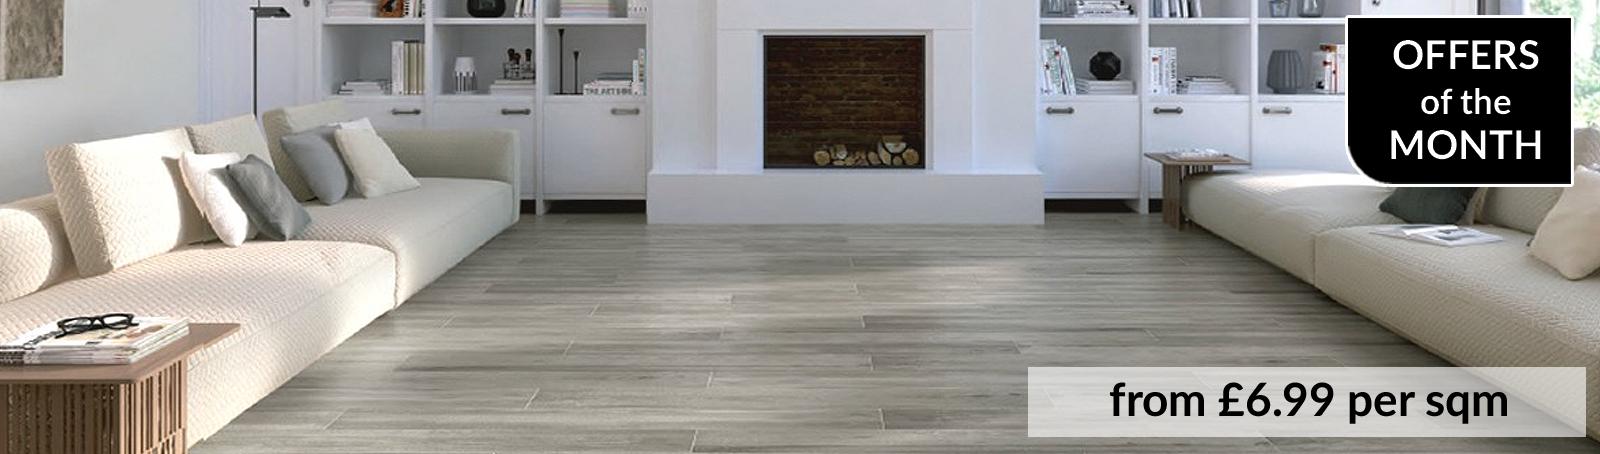 Floor Tile Offers
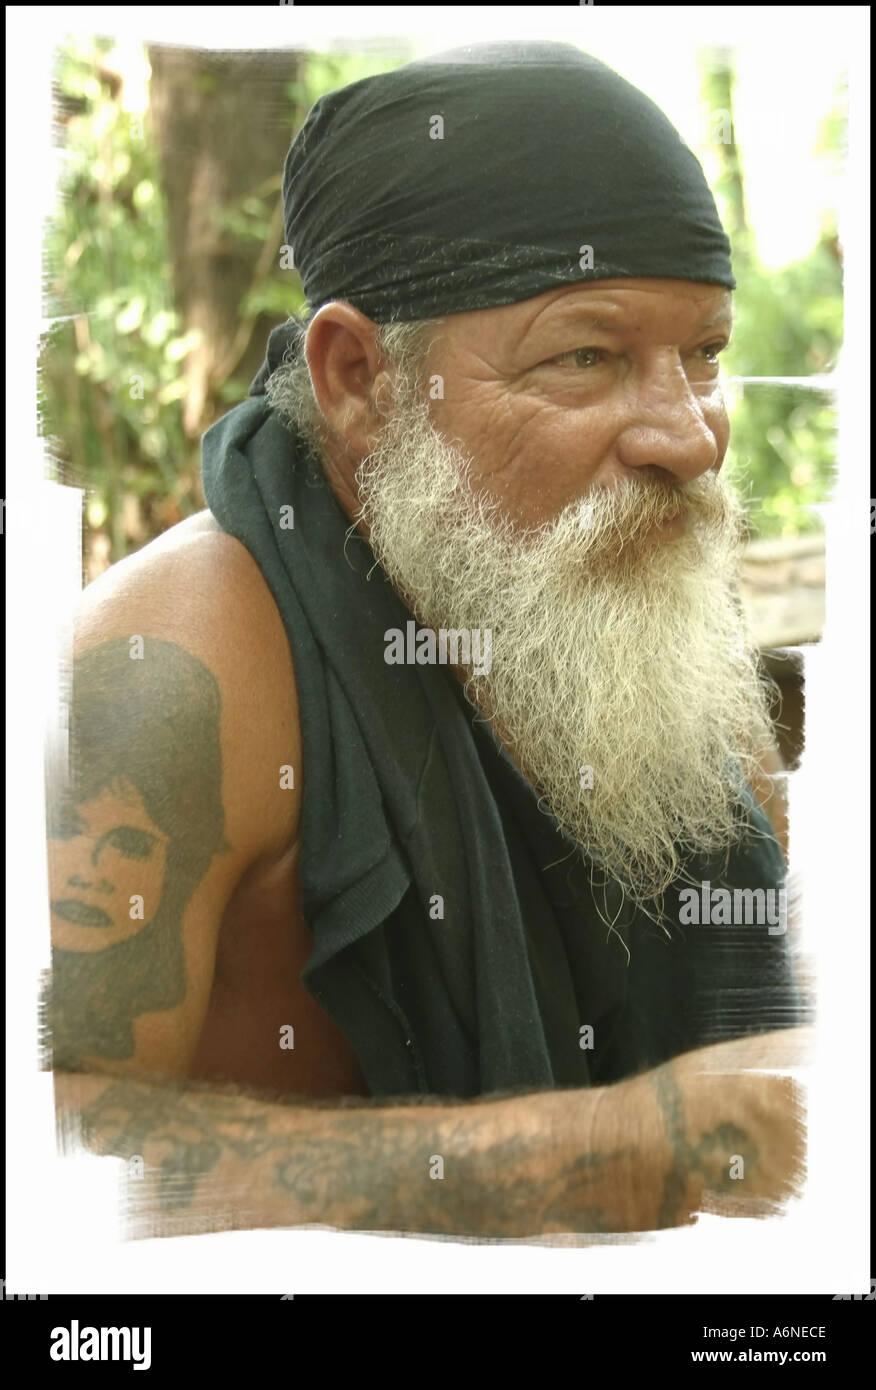 Vieux Barbu Blanc Hippie Photo Stock Vieux Barbu Blanc Hippie. A6NECE (RF). Un  gars portant des vêtements décontractés et sur la vieille paire de lunettes  ... 7da91bc160e0
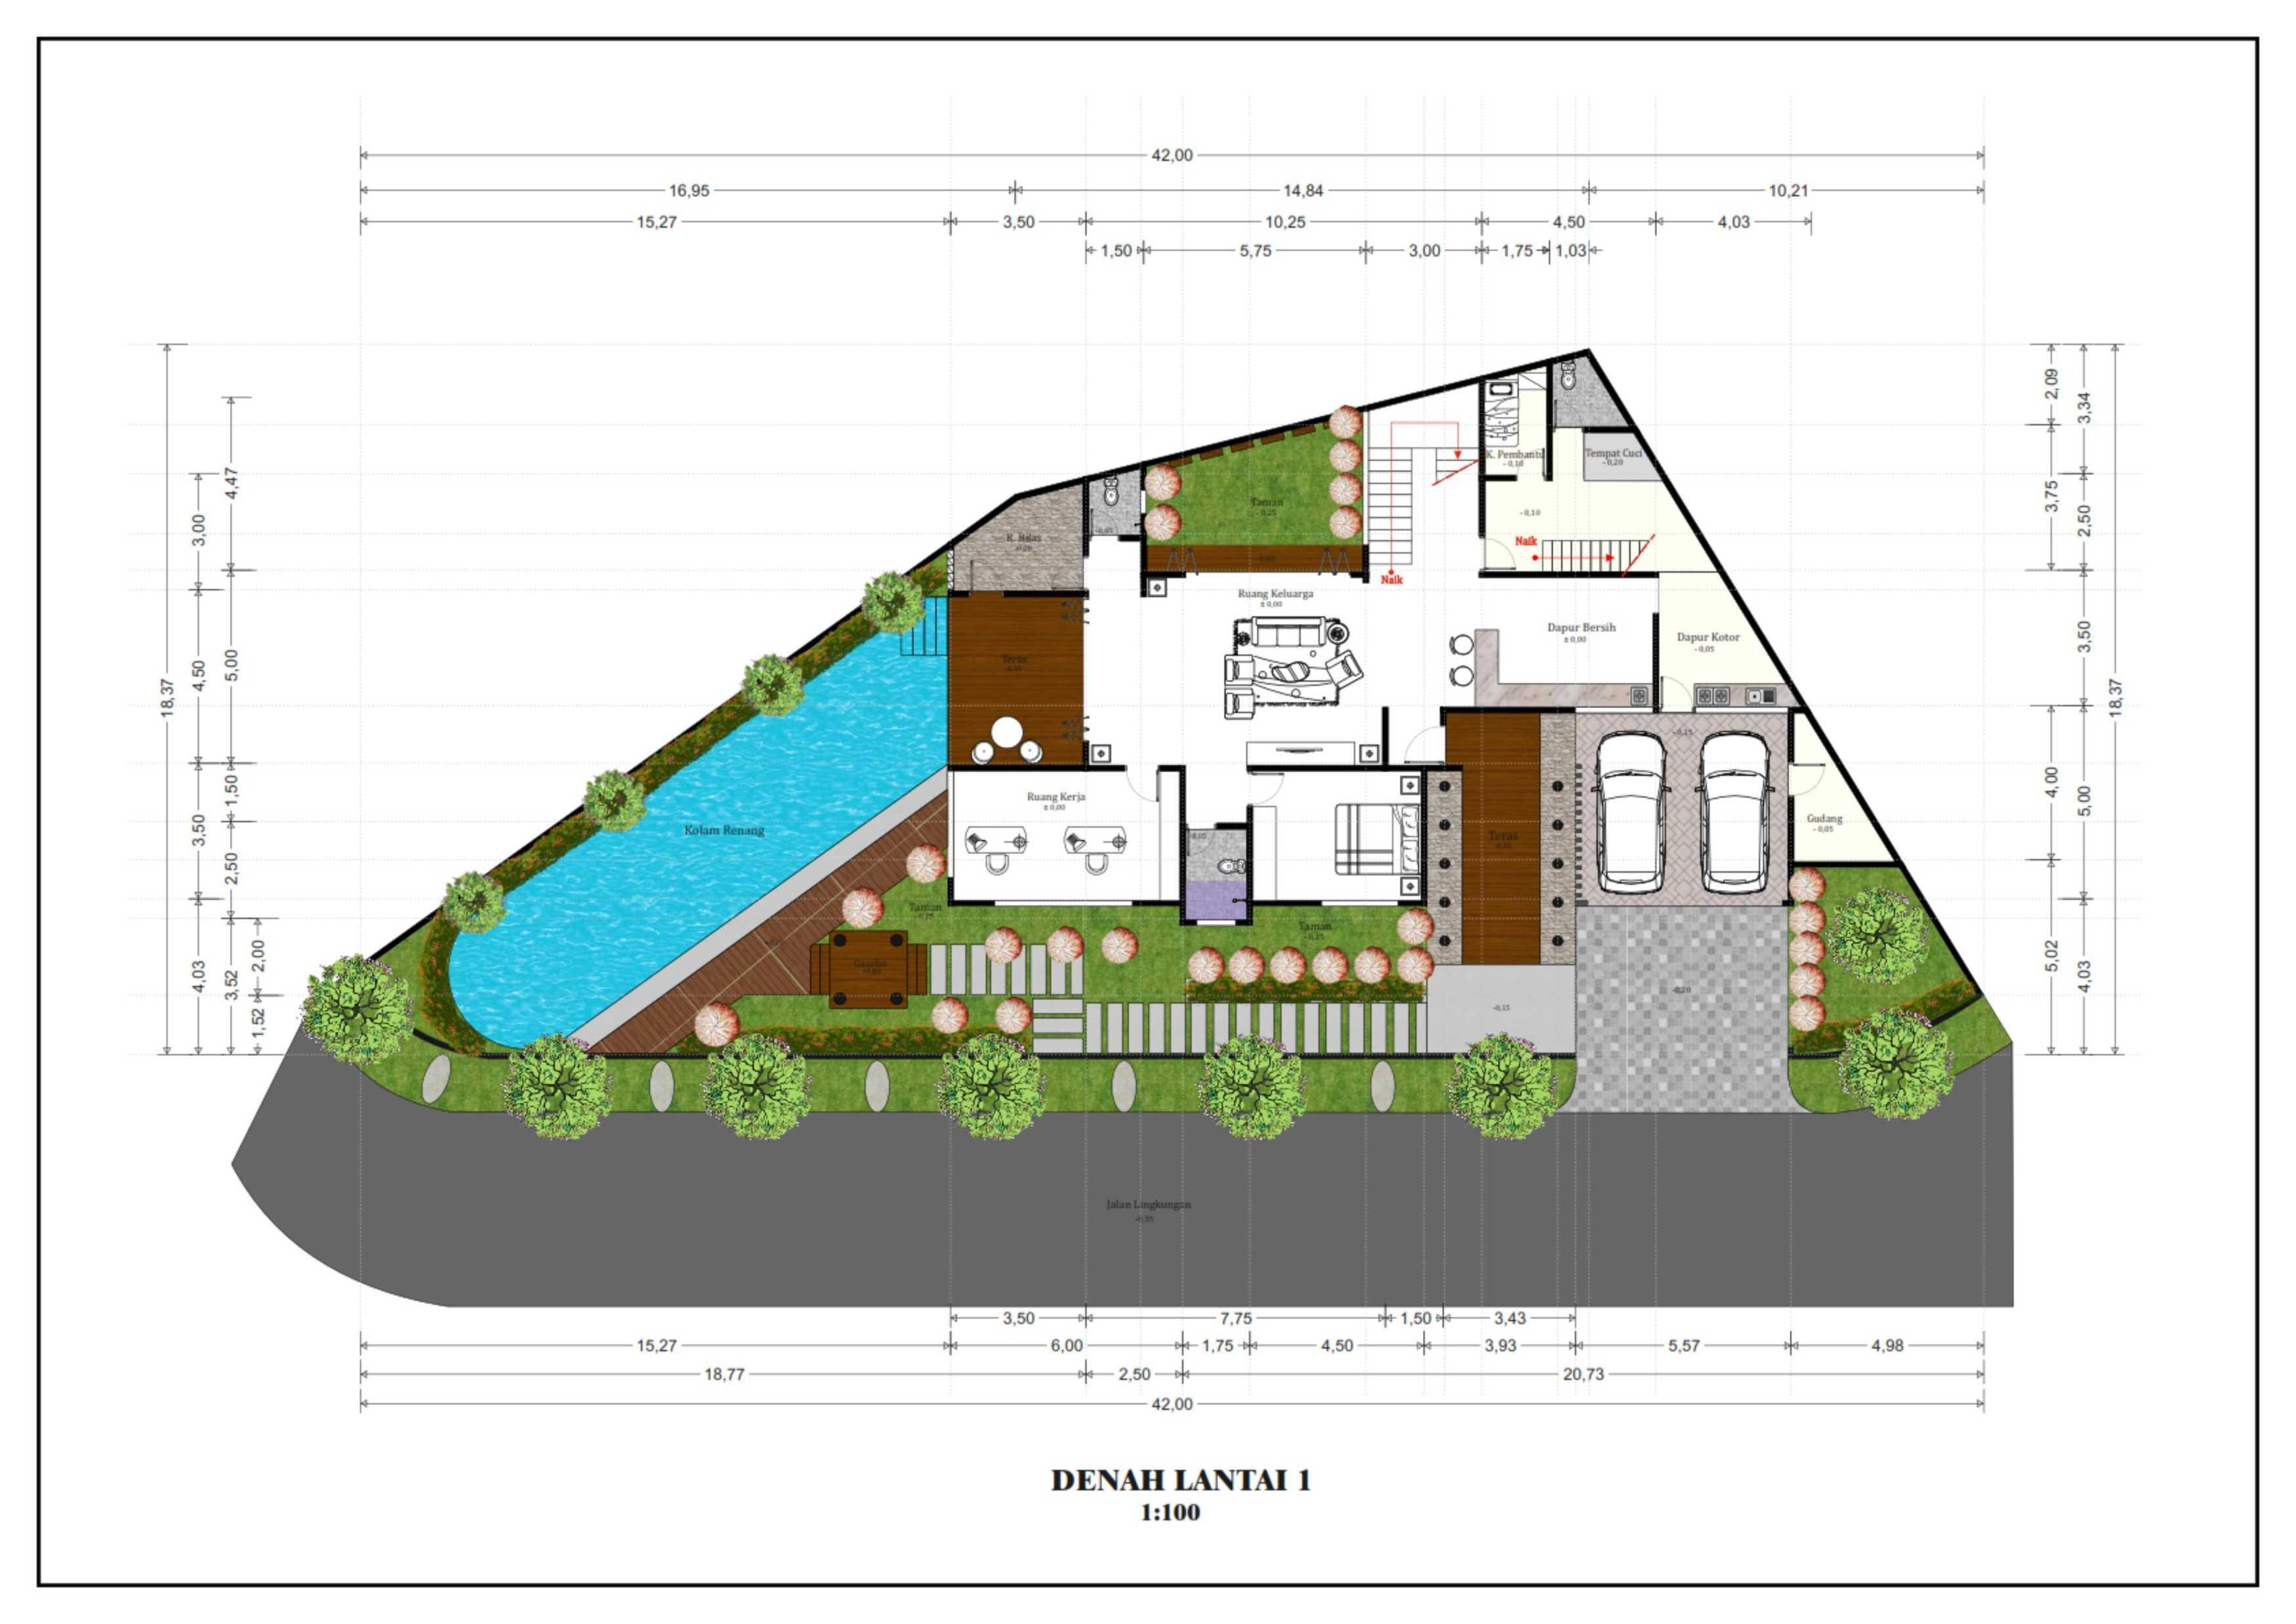 Hendra Budi Architect Privat House Tangerang Tangerang Tangerang Denah-Lantai-1 Modern  16365

------

What you give back should be the full material above, retyped exactly, with every image removed.

» **Exercise answer**:
 Floor Tile Offers
 Vieux Barbu Blanc Hippie Photo Stock Vieux Barbu Blanc Hippie. A6NECE (RF). Un  gars portant des vêtements décontractés et sur la vieille paire de lunettes  ... 7da91bc160e0
 Hendra Budi Architect Privat House Tangerang Tangerang Tangerang Denah-Lantai-1 Modern  16365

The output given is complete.